**Exercise**
Nothing may be dropped or altered: reproduce all the data.

**Material for this task**

○ ○ ○ ○ ○

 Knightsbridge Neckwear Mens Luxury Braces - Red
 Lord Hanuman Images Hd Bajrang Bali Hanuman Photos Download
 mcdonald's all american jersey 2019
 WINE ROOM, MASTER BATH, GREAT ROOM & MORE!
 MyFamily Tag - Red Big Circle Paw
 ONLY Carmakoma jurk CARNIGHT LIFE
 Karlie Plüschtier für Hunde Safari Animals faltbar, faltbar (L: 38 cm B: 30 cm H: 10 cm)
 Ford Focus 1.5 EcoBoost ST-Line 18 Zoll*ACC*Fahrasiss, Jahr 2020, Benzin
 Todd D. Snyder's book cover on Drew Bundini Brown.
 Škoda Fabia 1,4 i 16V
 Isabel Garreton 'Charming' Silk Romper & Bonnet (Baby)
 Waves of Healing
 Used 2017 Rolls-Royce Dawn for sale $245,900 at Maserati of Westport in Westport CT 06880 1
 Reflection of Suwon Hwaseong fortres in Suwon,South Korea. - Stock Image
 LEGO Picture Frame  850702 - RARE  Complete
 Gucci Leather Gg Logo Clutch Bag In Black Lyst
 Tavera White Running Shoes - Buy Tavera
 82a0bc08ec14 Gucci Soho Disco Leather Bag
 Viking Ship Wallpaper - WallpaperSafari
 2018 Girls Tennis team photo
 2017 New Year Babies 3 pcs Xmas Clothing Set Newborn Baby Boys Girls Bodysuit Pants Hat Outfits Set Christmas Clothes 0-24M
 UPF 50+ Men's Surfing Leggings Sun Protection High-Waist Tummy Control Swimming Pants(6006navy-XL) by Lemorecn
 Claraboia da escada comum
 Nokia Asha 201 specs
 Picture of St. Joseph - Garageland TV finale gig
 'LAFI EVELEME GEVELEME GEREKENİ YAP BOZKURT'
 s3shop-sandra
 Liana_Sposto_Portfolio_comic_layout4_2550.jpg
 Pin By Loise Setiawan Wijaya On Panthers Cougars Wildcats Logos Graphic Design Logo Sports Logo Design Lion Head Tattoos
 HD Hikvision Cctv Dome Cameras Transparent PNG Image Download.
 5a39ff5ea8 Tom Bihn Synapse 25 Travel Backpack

○ ○ ○ ○ ○

**Task answer**
 Knightsbridge Neckwear Mens Luxury Braces - Red
 Lord Hanuman Images Hd Bajrang Bali Hanuman Photos Download
 mcdonald's all american jersey 2019
 WINE ROOM, MASTER BATH, GREAT ROOM & MORE!
 MyFamily Tag - Red Big Circle Paw
 ONLY Carmakoma jurk CARNIGHT LIFE
 Karlie Plüschtier für Hunde Safari Animals faltbar, faltbar (L: 38 cm B: 30 cm H: 10 cm)
 Ford Focus 1.5 EcoBoost ST-Line 18 Zoll*ACC*Fahrasiss, Jahr 2020, Benzin
 Todd D. Snyder's book cover on Drew Bundini Brown.
 Škoda Fabia 1,4 i 16V
 Isabel Garreton 'Charming' Silk Romper & Bonnet (Baby)
 Waves of Healing
 Used 2017 Rolls-Royce Dawn for sale $245,900 at Maserati of Westport in Westport CT 06880 1
 Reflection of Suwon Hwaseong fortres in Suwon,South Korea. - Stock Image
 LEGO Picture Frame  850702 - RARE  Complete
 Gucci Leather Gg Logo Clutch Bag In Black Lyst
 Tavera White Running Shoes - Buy Tavera
 82a0bc08ec14 Gucci Soho Disco Leather Bag
 Viking Ship Wallpaper - WallpaperSafari
 2018 Girls Tennis team photo
 2017 New Year Babies 3 pcs Xmas Clothing Set Newborn Baby Boys Girls Bodysuit Pants Hat Outfits Set Christmas Clothes 0-24M
 UPF 50+ Men's Surfing Leggings Sun Protection High-Waist Tummy Control Swimming Pants(6006navy-XL) by Lemorecn
 Claraboia da escada comum
 Nokia Asha 201 specs
 Picture of St. Joseph - Garageland TV finale gig
 'LAFI EVELEME GEVELEME GEREKENİ YAP BOZKURT'
 s3shop-sandra
 Liana_Sposto_Portfolio_comic_layout4_2550.jpg
 Pin By Loise Setiawan Wijaya On Panthers Cougars Wildcats Logos Graphic Design Logo Sports Logo Design Lion Head Tattoos
 HD Hikvision Cctv Dome Cameras Transparent PNG Image Download.
 5a39ff5ea8 Tom Bihn Synapse 25 Travel Backpack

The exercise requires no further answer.